- Genre: Telenovela
- Created by: Pilar Romero Iris Dubs
- Written by: Iraida Tapias José Tomás Angola José Manuel Espiño Yoyiana Ahumada Pilar Romero
- Directed by: Vicente Albarracín
- Starring: Laura Chimaras Jonathan Montenegro Juliet Lima Damián Genovese
- Opening theme: "Celebra la vida" by Axel
- Ending theme: "Será libre" by Reinaldo Álvarez
- Country of origin: Venezuela
- Original language: Spanish
- No. of episodes: 118

Production
- Executive producer: Mileyba Álvarez Barreto
- Producer: Jhonny Pulido Mora
- Production location: Caracas
- Production company: RCTV

Original release
- Network: RCTV
- Release: August 24, 2009 – February 2, 2010

Related
- Calle luna, Calle sol

= Libres como el viento =

Libres como el viento (English title: Free as the wind) is a Venezuelan telenovela developed by Pilar Romero and produced by Radio Caracas Television in 2009. The series was inspired by the novel Una Brizna de paja en el viento written by Rómulo Gallegos in 1952. The story was based on the context of student protests that took place in the country during that year.

Laura Chimaras and Jonathan Montenegro starred as the protagonists with Guillermo Pérez, Juliet Lima and Damián Genovese as the antagonists.

==Plot==
Libres como el viento is a love story marked by university news and pragmatic news of students.

Fabiola Azcárate, the youngest of five siblings, is sent abroad to continue her studies after her father's death. But nostalgia will force her to return to her country without knowing that the love of her childhood is waiting for her. Upon arrival, "La Muñeca", as her relatives call her, will find out that the brothers are divided because they do not know what to do with the inheritance that their father left them: abandon the family business or defend it until the end. The dilemma will mark the beginning of family discord.

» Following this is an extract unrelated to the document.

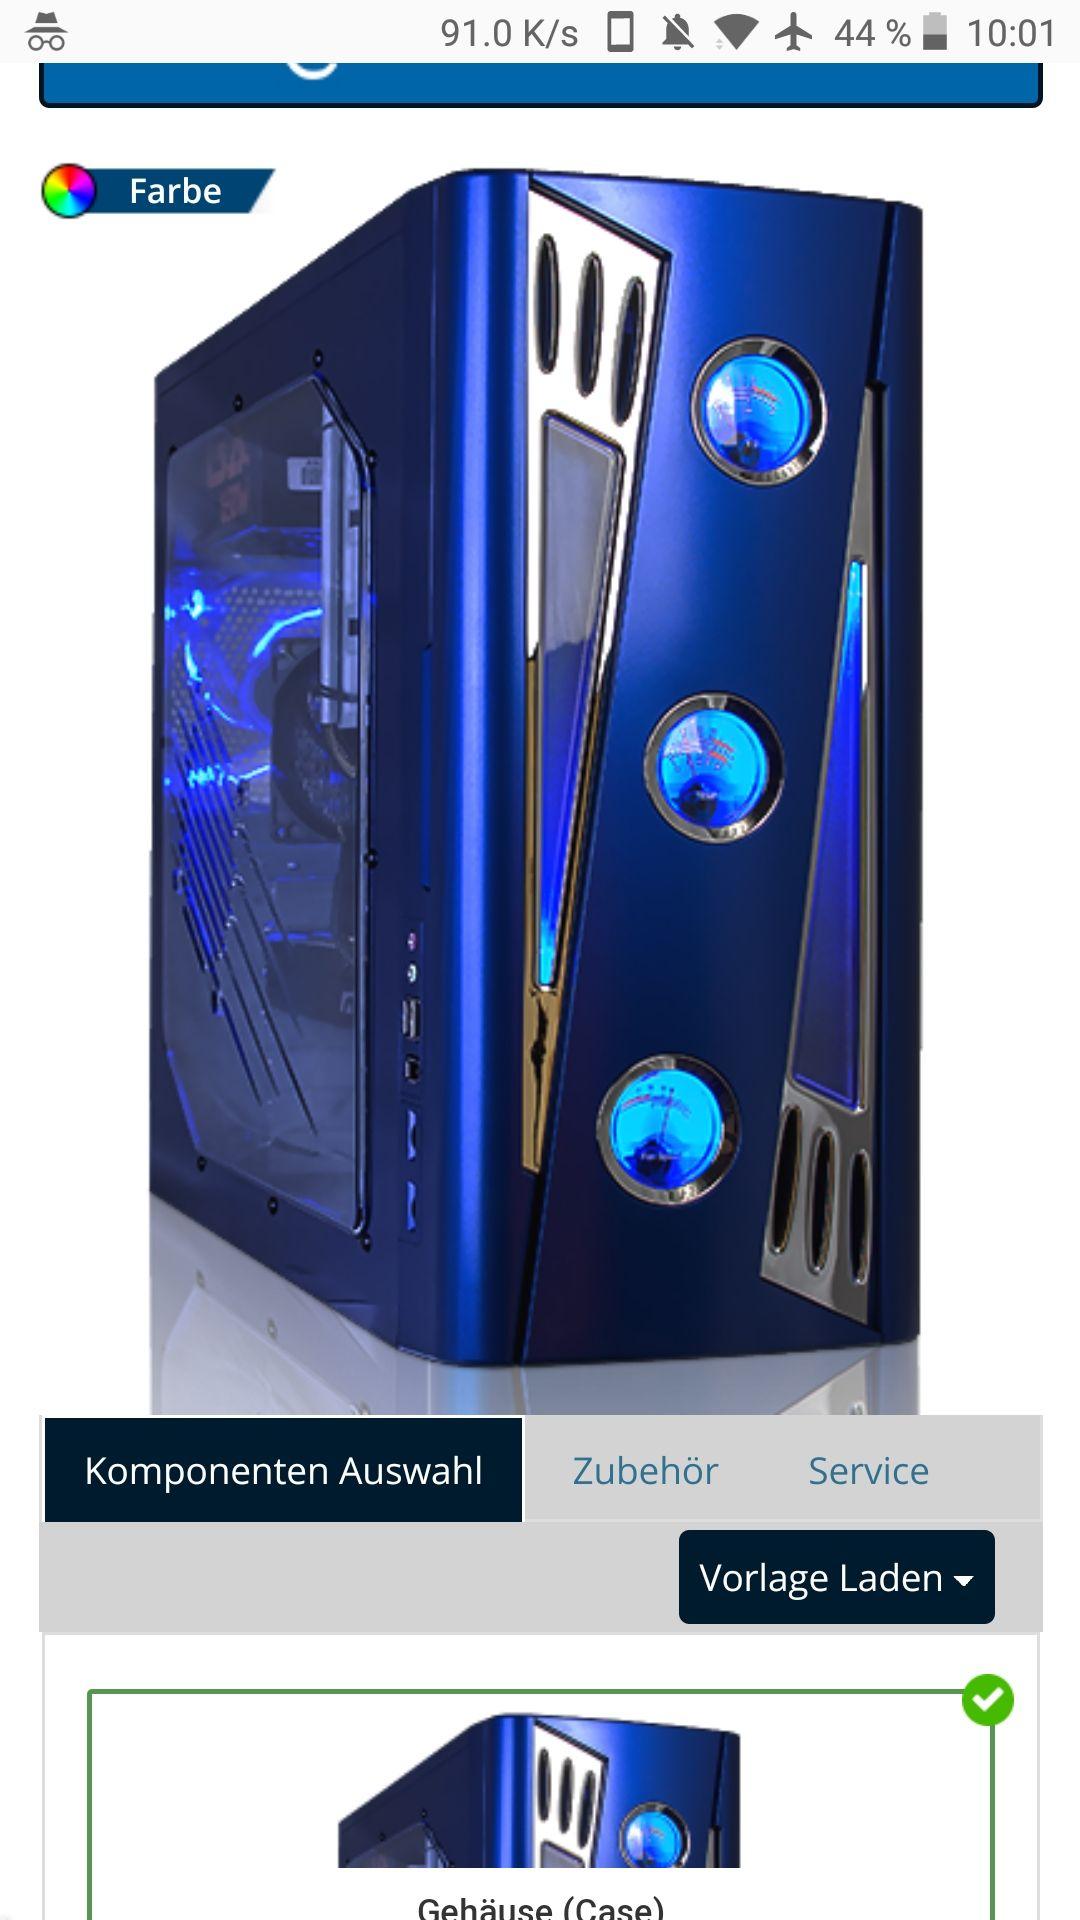 GAMING PC, RYZEN 5 2600X, RX 560, 8GB RAM, 1TB HDD, 600W BE QUIET NETZTEIL, WLAN, BELEUCHTUNG, DVD BRENNER

For his part, Miguel Angel Marino "El Potro", son of the Hacienda Azcárate foreman, has become an adult man who has not forgotten Fabiola. But Tibisay Pacheco "La China", a sensual woman, is ready to do everything to conquer the love of Michelangelo.

The relationship of "La Muñeca" and "El Potro" will be a relationship marked by the impetus of youth and the craving for freedom, which will be strengthened at the Nicolas Copernicus University, whose classrooms are divided by two sides faced by the control of the college. One of the sides is directed by Diego Bravo, who seeks division and confrontation, and the other, whose leader is Reinaldo Torres, tries to consolidate the union of students in the university community.

Along with the students will be Professor Rogelio Luciente, who, more than a man of letters, will become the consciousness of the student movement; And Professor Ivana Galvan, who will be her right hand in this cause. Together they were considered by many to be a vivid example of how powerful the wings of love can be, uniting opposing worlds into one reality.